Since the casting coating procedure was the same for all PBMs (using the spiral-casting knife with a 4 µm wet coating thickness), these quite unexpected results are conceivably due to the modification of the polymer structure of the coating layers obtained upon polymerization under different conditions, as observed by solid state NMR measurements (
Section 3.4).
Figure 8b shows the same membranes after the model foulant tests. The brownish color illustrates the fouling propensity for each coated membrane. As previously mentioned, a lighter color did not necessarily lead to a better fouling mitigation per se, as the membrane tests were conducted at constant TMP. Yet, the results are further evidence that the intervention of CRP followed by UV curing caused the porous coating layer to become a relatively dense structure. Accordingly, a greater change in CRP time Δt
i resulted in a denser layer for water filtration application. This in turn led to lower fouling propensity although the filtration capacity was reduced. With this learned knowledge, membrane coating layers with different filtration properties could be produced for a specific wastewater composition without changing the coating equipment or the coating material input.

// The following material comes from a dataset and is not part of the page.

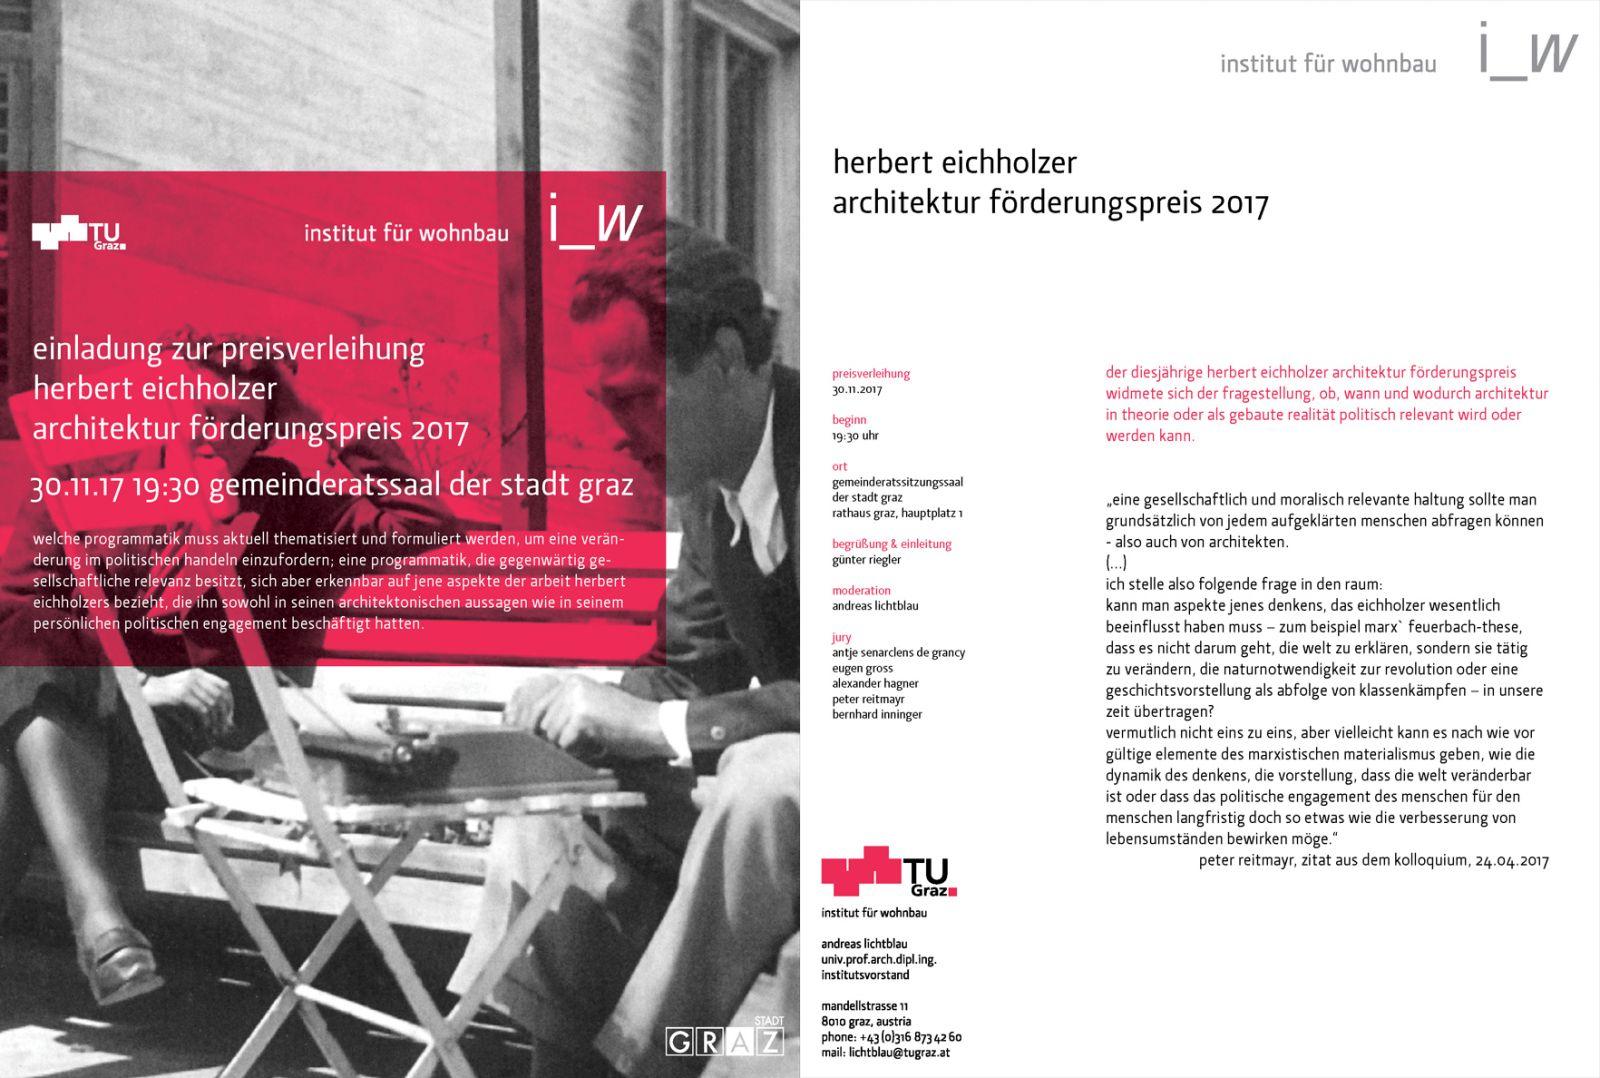 preisverleihung herbert eichholzer architektur förderungspreis 2017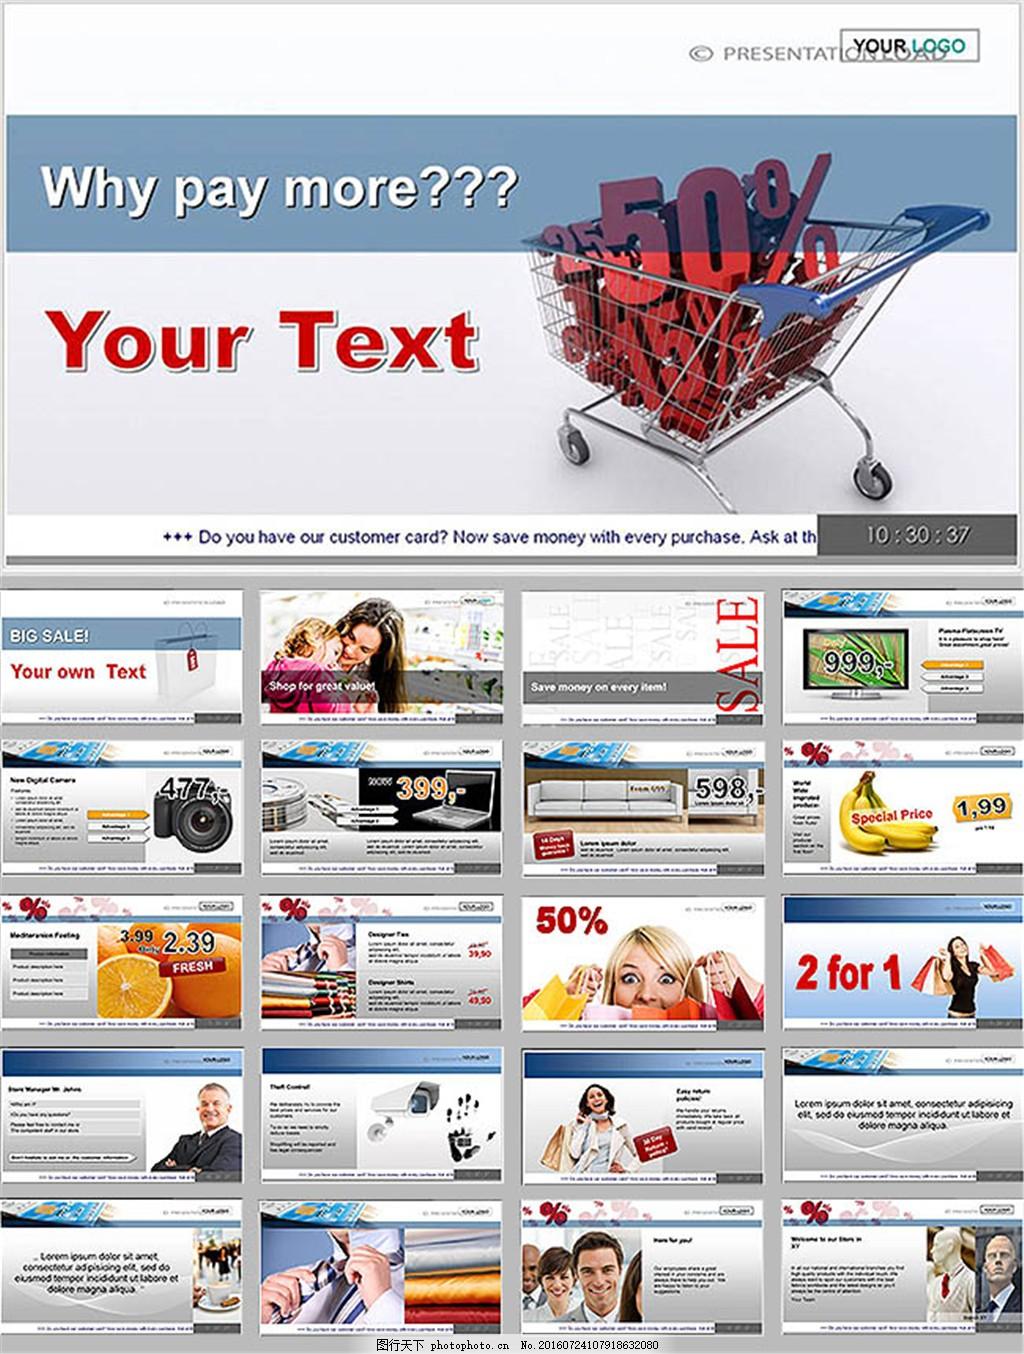 国外商品零售业ppt模板 零售ppt模板下载免费下载 ppt素材 vip 管理

All in all, the redox-polymerized PBM-coated membrane showed the highest permeability at 0.5 bar TMP (
Figure 8a). As confirmed by NMR, the redox polymerization gave a different polymeric structure of polymerized PBM compared to the materials obtained by CRP followed by UV-LED curing, which was more favorable in terms of permeability for the filtration of humic acid solutions (100 mg·L
−1, pH 9). On the other hand, the membrane coated with UV-LED polymerized PBM (Δt
i = 0) possessed a higher pore intrusion and thus the pore blockage was more extended with respect to the redox-polymerized PBM-coated membrane.